Настроение у меня что надо, и я рассказываю им, кто такие коммандос и как с ними надо сражаться, где полагается носить пистолет и как берут "языков". Ношусь по песку, падаю, переползаю, и сегодня все получается здорово.
- Врешь ты все, - сонно говорит толстуха. - Сочиняешь.
И сразу делается так нудно, что я элементарно скисаю. Даже начинаю подумывать, не переплыть ли мне на свою сторону…
- Что танцуешь? - интересуется Аня.
Что танцевать! Мои пижоны, с которыми я прошлепал по Москве не одну сотню километров, выучили меня по всем правилам. Но поскольку вы просите показать…
- Во дает!.. - говорит толстуха.
Аня вскакивает и начинает выкрикивать что-то темповое. Мы скачем, пока она не выдыхается.
- Хорошо прыгаешь, - признает она.
- Современный танец есть процесс самовыражения через темиоритм. Скажем, я мечтаю.

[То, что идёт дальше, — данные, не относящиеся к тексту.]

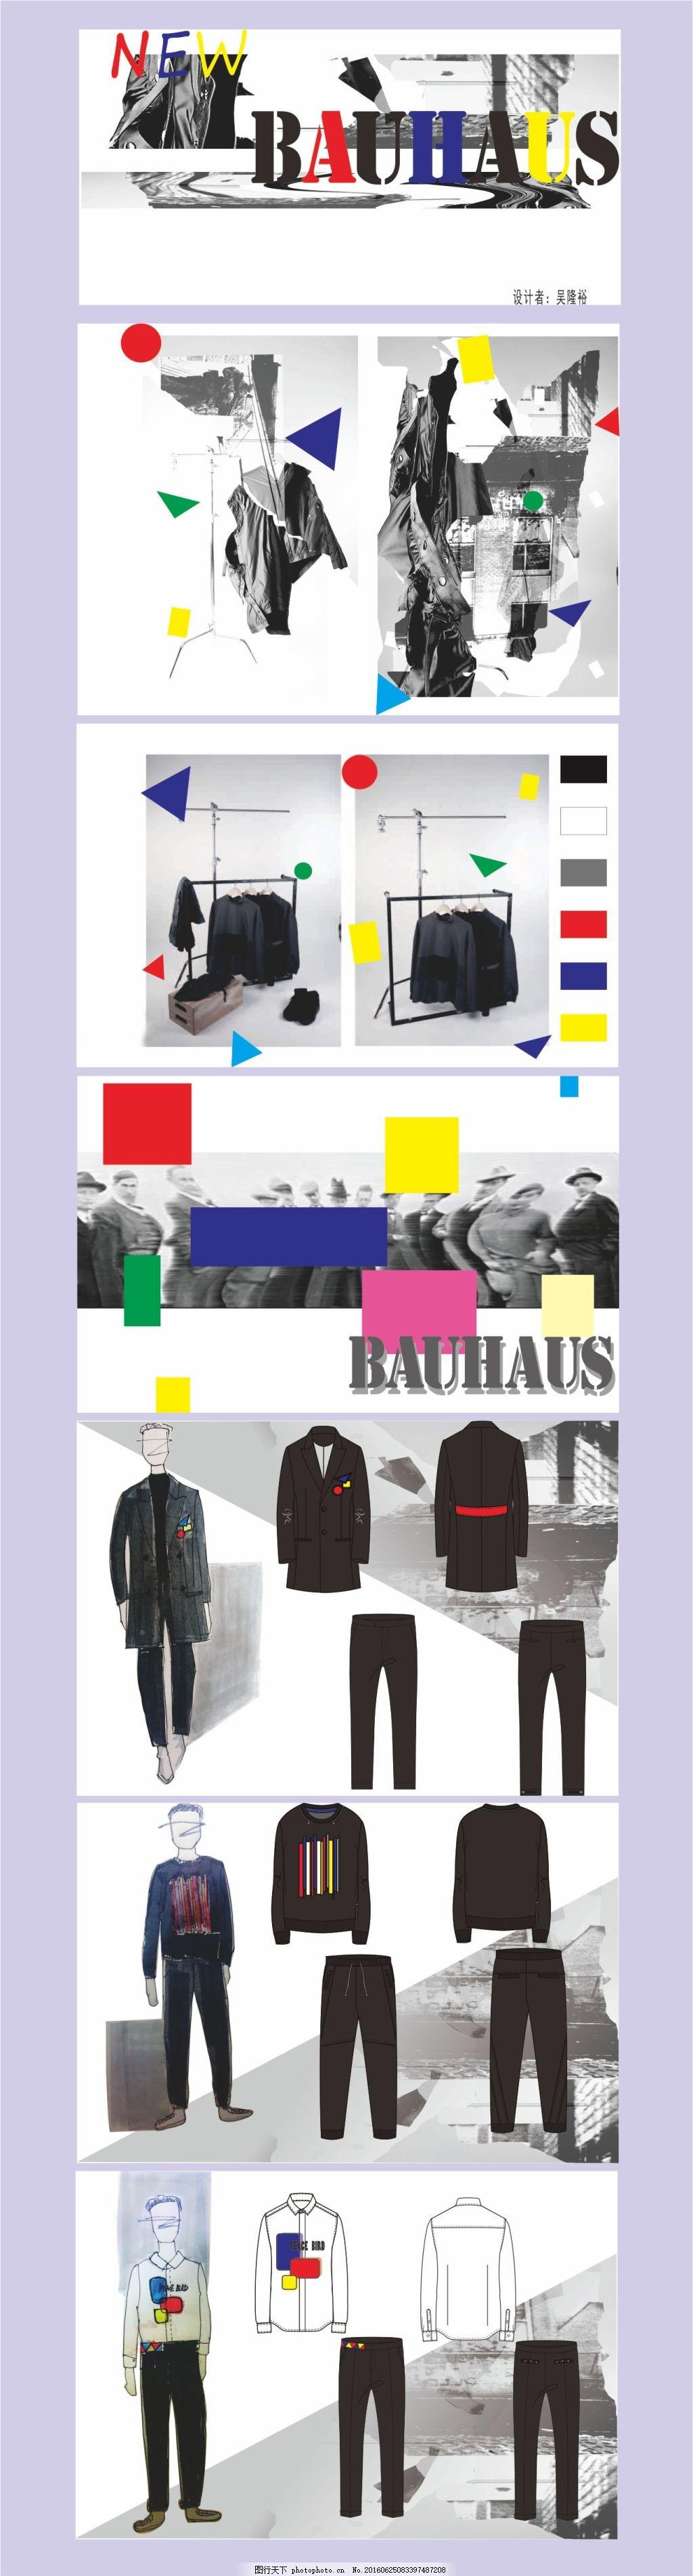 包豪斯系列开发 男装开发 几何 系列设计 服装设计 极简主义

У толстухи впервые загораются глаза:
- Покажи!
До обеда учу девчонок танцевать. Аня более или менее знакома с малым джентльменским набором, но квалификация ее довольно низка. А Нина сроду не танцевала ничего, кроме доисторического фокса.
Кстати, эта самая Нина здорово нам мешает. Я набираюсь смелости и сообщаю это Ане.
- А что я могу поделать? - шепчет она. - Приходи сюда к восьми.
Вот это разговор! Природа опять начинает улыбаться…
- Ты когда уезжаешь?
- Дней через десять, если дедушка поправится.
- А если не поправится?
- Не болтай чепухи!..
Значит, сегодня в восемь! Я прощаюсь с девчонками и по возможности эффектно плыву на свой берег. Кажется, кроль вышел неплохим… Девочки что-то кричат и машут руками. Я салютую им, напяливаю комбинезон и топаю на базу.
На подходе меня встречает Фишка. Вид у него виноватый: хвост поджат. Я пытаюсь выяснить, что случилось, но он только вздыхает и прячет глаза.
Часа через полтора возвращаются охотники. У Степана на лбу шишка величиной с картофелину. Славка заметно хромает и волочит ружье за ремень, потому что у ружья пополам переломана ложа. Подойдя, он первым делом замахивается на Фишку и ругается длинно и заковыристо.
- Счастлив твой бог, Генка, - говорит Федор, улыбаясь.
- Ну, как охота? - интересуется Лихоман.
Славка опять заворачивает матом, швыряет свою бывшую двустволку и идет в сарай.
- Надо бы у него из задницы дробь повыковырять, - вздыхает Степан. - Заражение может быть.
- Ананьич, йод и толстую иглу! - командует Лихоман. - Давай, Федя, излагай существо.